Studio album by Zoé
- Released: October 2008
- Recorded: January 2008
- Genre: Alternative rock
- Length: 42.2 minutes
- Label: EMI
- Producer: Phil Vinall

Zoé chronology
| Memo Rex Commander y el Corazón Atómico de la Vía Láctea (2006) | Reptilectric (2008) | MTV Unplugged/Música de Fondo (2011) |

Singles from Reptilectric
- "Reptilectric" Released: October 2, 2008; "Nada" Released: February 6, 2009; "Poli" Released: July 4, 2009;

= Reptilectric =

Reptilectric is the fourth studio album by Mexican rock band Zoé, released in October 2008 through EMI Music. It was produced by Phil Vinall, who had previously worked with Radiohead and Placebo. The album debuted at number one on the Mexican sales charts and became Zoé's second platinum album for its 80,000 copies sold in Mexico alone. On November 25, 2009, Zoé received three Premios OYE! for Album, Group, and Video of Year.

Professional ratings
Review scores
| Source | Rating |
| Allmusic.com |  |

==Track listing==

| No. | Title | Length |
|---|---|---|
| 1. | "Reptilectric" | 3:52 |
| 2. | "Nada" ("Nothing") | 5:34 |
| 3. | "Sombras" ("Shadows") | 4:12 |
| 4. | "No Hay Dolor" ("There's No Pain") | 3:12 |
| 5. | "Poli" | 3:20 |
| 6. | "Resiste" ("Hold On") | 3:00 |
| 7. | "Neandertal" ("Neanderthal") | 3:44 |
| 8. | "Fantasma" ("Ghost") | 4:22 |
| 9. | "Luna" ("Moon") | 4:41 |
| 10. | "Últimos Días" ("Last Days") | 3:52 |
| 11. | "Babilonia" ("Babylonia") | 3:29 |

==Singles==
The first single of the album was Reptilectric, which had its own music video.
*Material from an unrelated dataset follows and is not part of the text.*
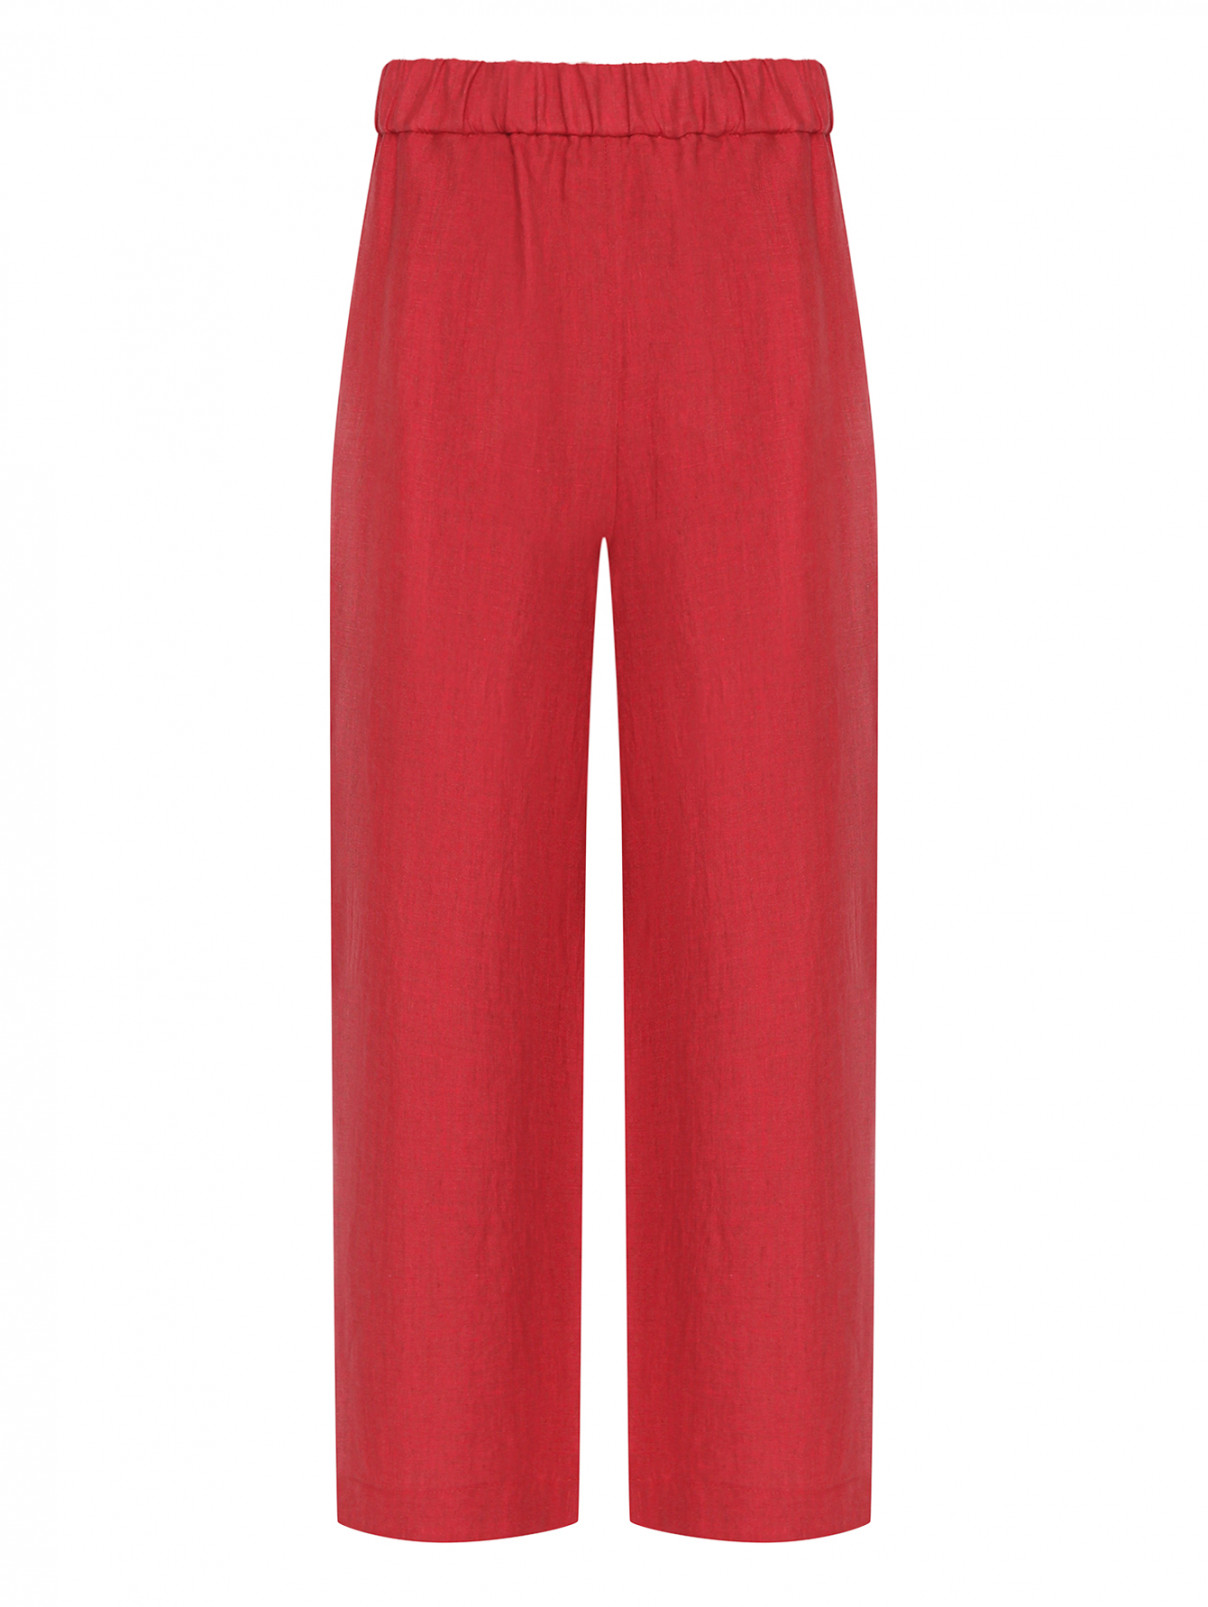 Однотонные льняные брюки Luisa Spagnoli  –  Общий вид  – Цвет:  Красный

In February 2009, a poll was held in order to decide which song would be the album's second single. "Nada" turned out to be the winner, and was offered as a free download via iTunes, becoming the single of the week for the week of May 7, 2008. An accompanying music video was released in April 2009.

Similarly, a second poll was held in order to pick the album's third single, but before the winner had been announced, Larregui posted in the band's website some messages that suggested that the vídeo for the single had already been shot. On August 31, "Poli" was released by Zoé as the third single off the album, via Myspace.

==Certifications==

| Region | Certification | Certified units/sales |
| Mexico (AMPROFON) | 2× Platinum | 160,000^{‡} |
^{‡} Sales+streaming figures based on certification alone.